*** Opening PROVIDED DATA ***
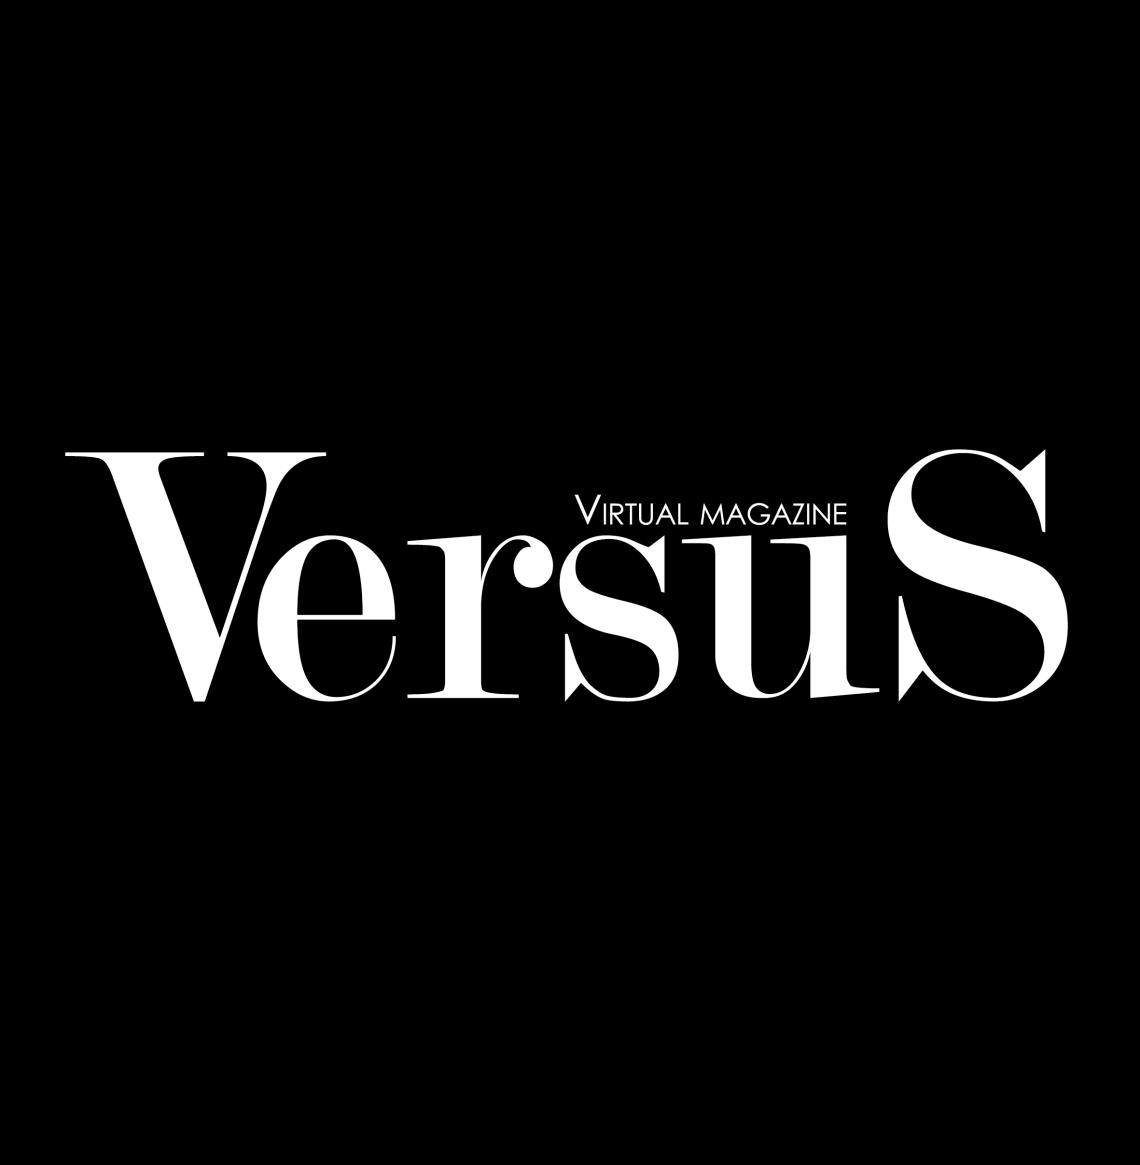 versus-fondo-negro
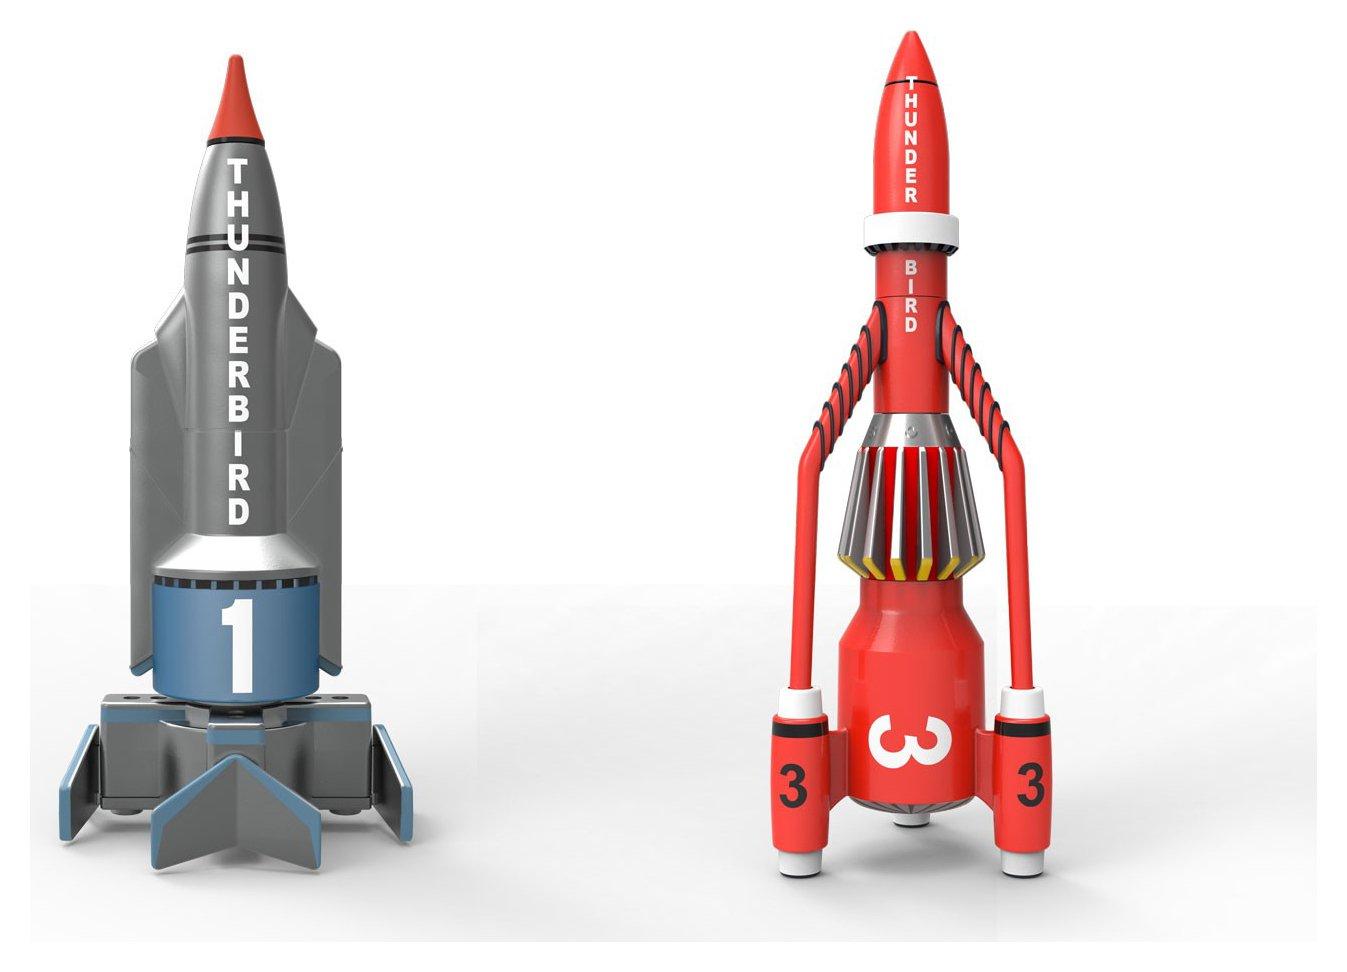 Thunderbirds TB1 and TB3.
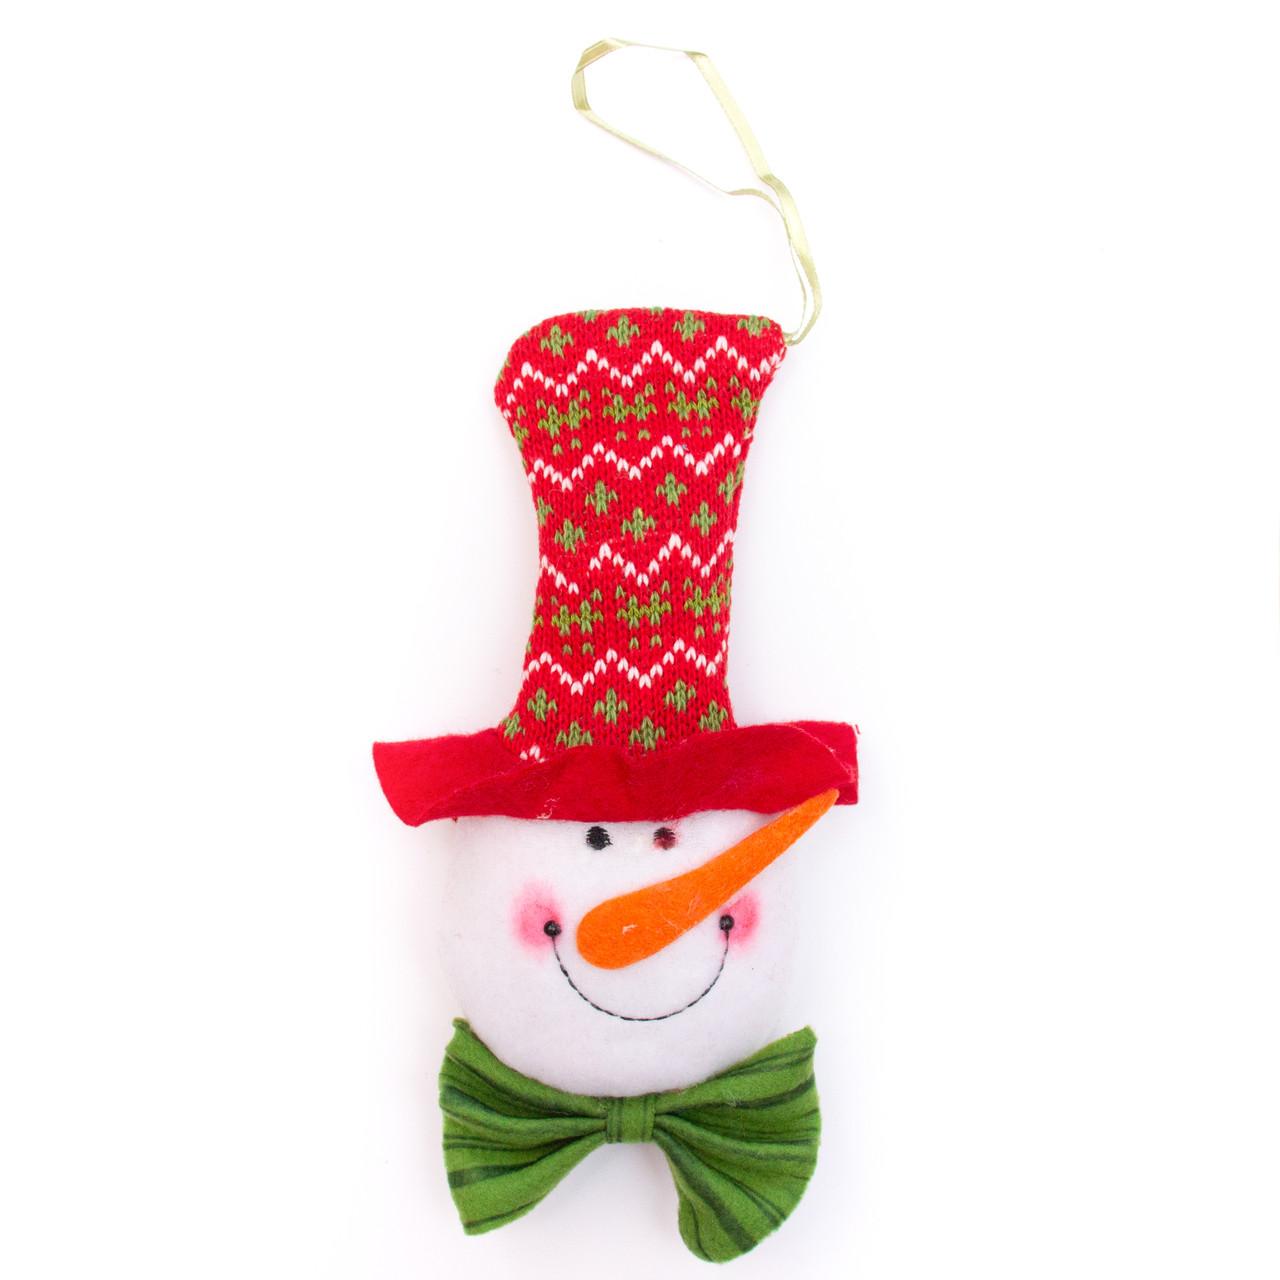 Елочная игрушка из ткани, Снеговик, 20см (430482-2)
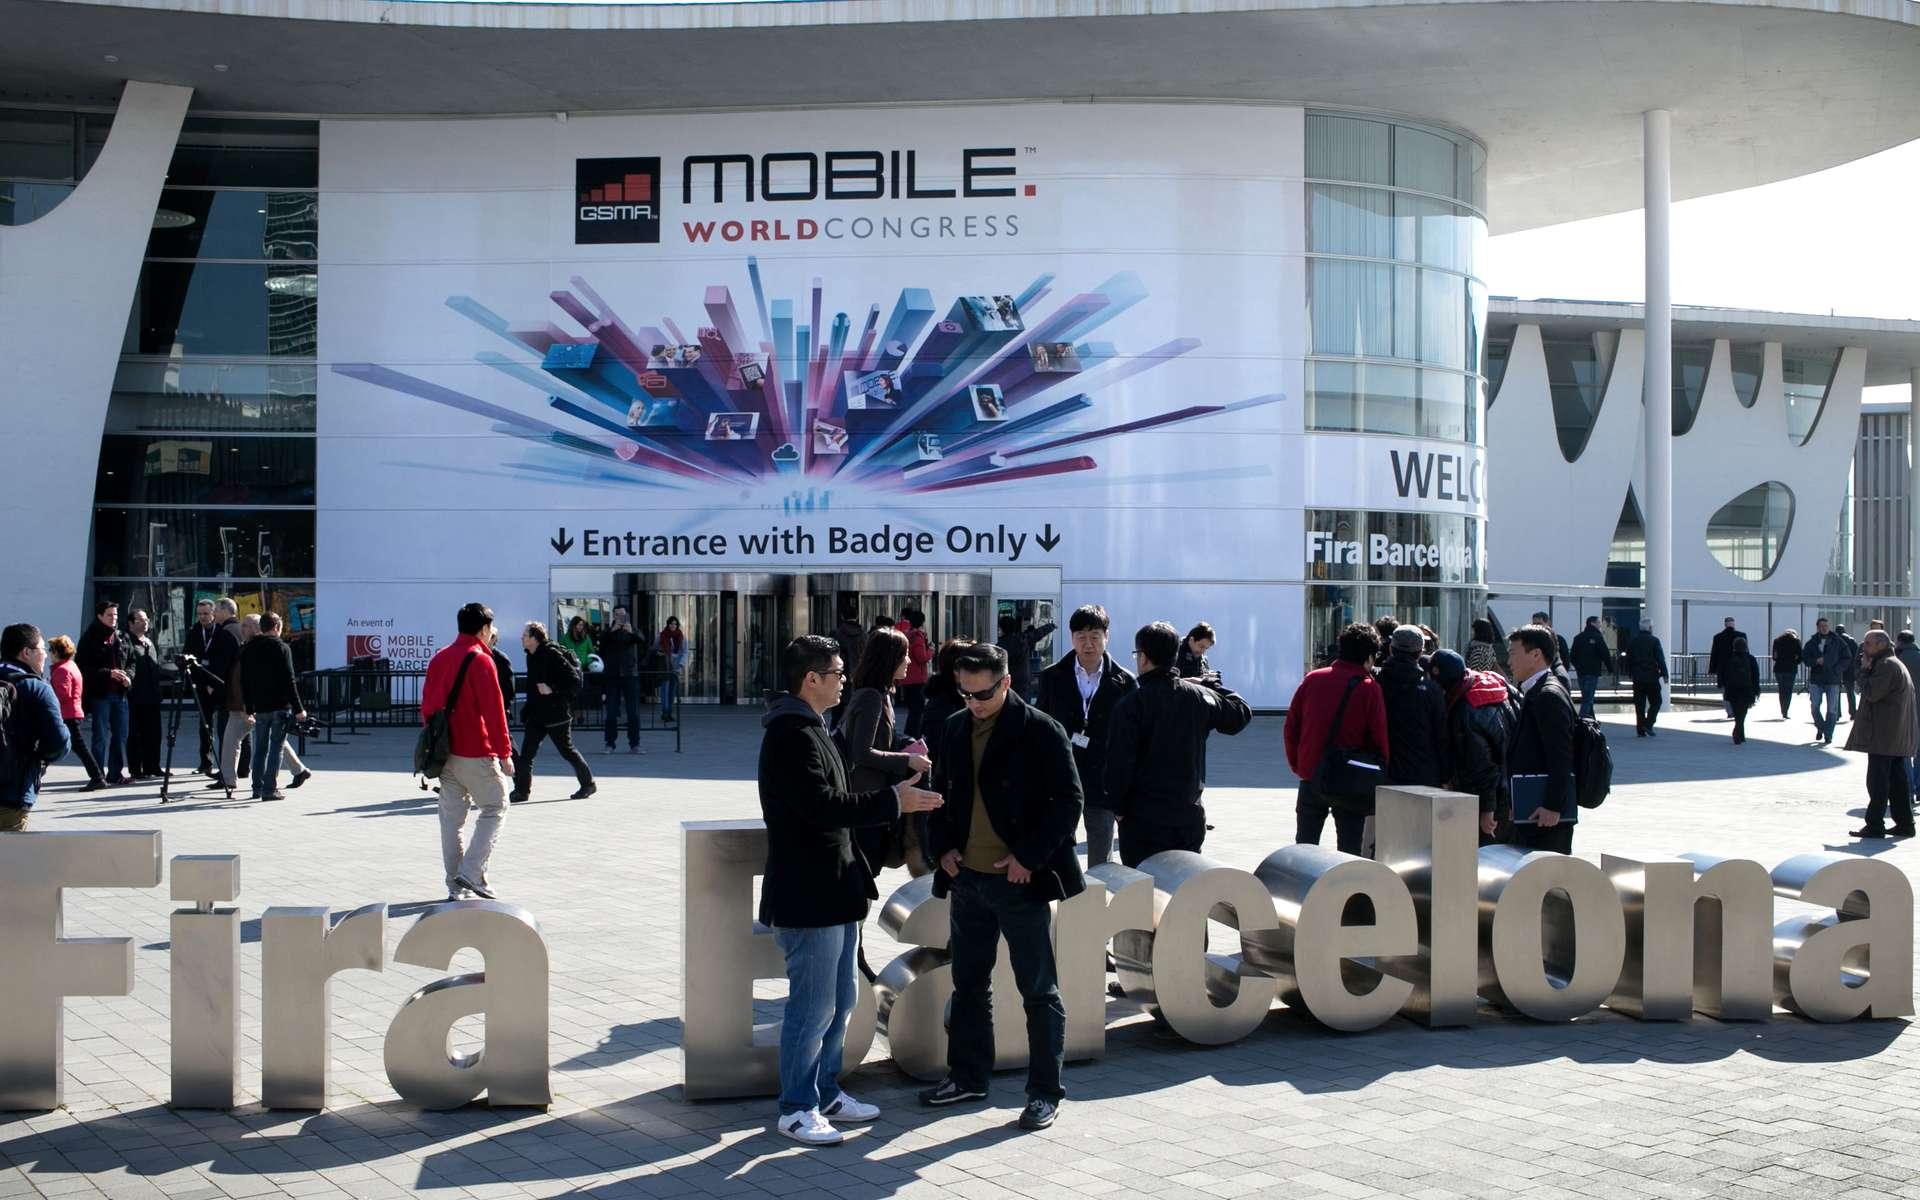 Le Mobile World Congress 2014 ouvre ses portes le 24 février, avec son lot de nouveautés. © mozillaeu, Flickr, cc by 2.0
*** Closing PROVIDED DATA ***
Copy out all the data exactly. The images should not appear in the copy.

* OUTPUT FOR THIS TASK *
 versus-fondo-negro
 Thunderbirds TB1 and TB3.
 Елочная игрушка из ткани, Снеговик, 20см (430482-2)
 Le Mobile World Congress 2014 ouvre ses portes le 24 février, avec son lot de nouveautés. © mozillaeu, Flickr, cc by 2.0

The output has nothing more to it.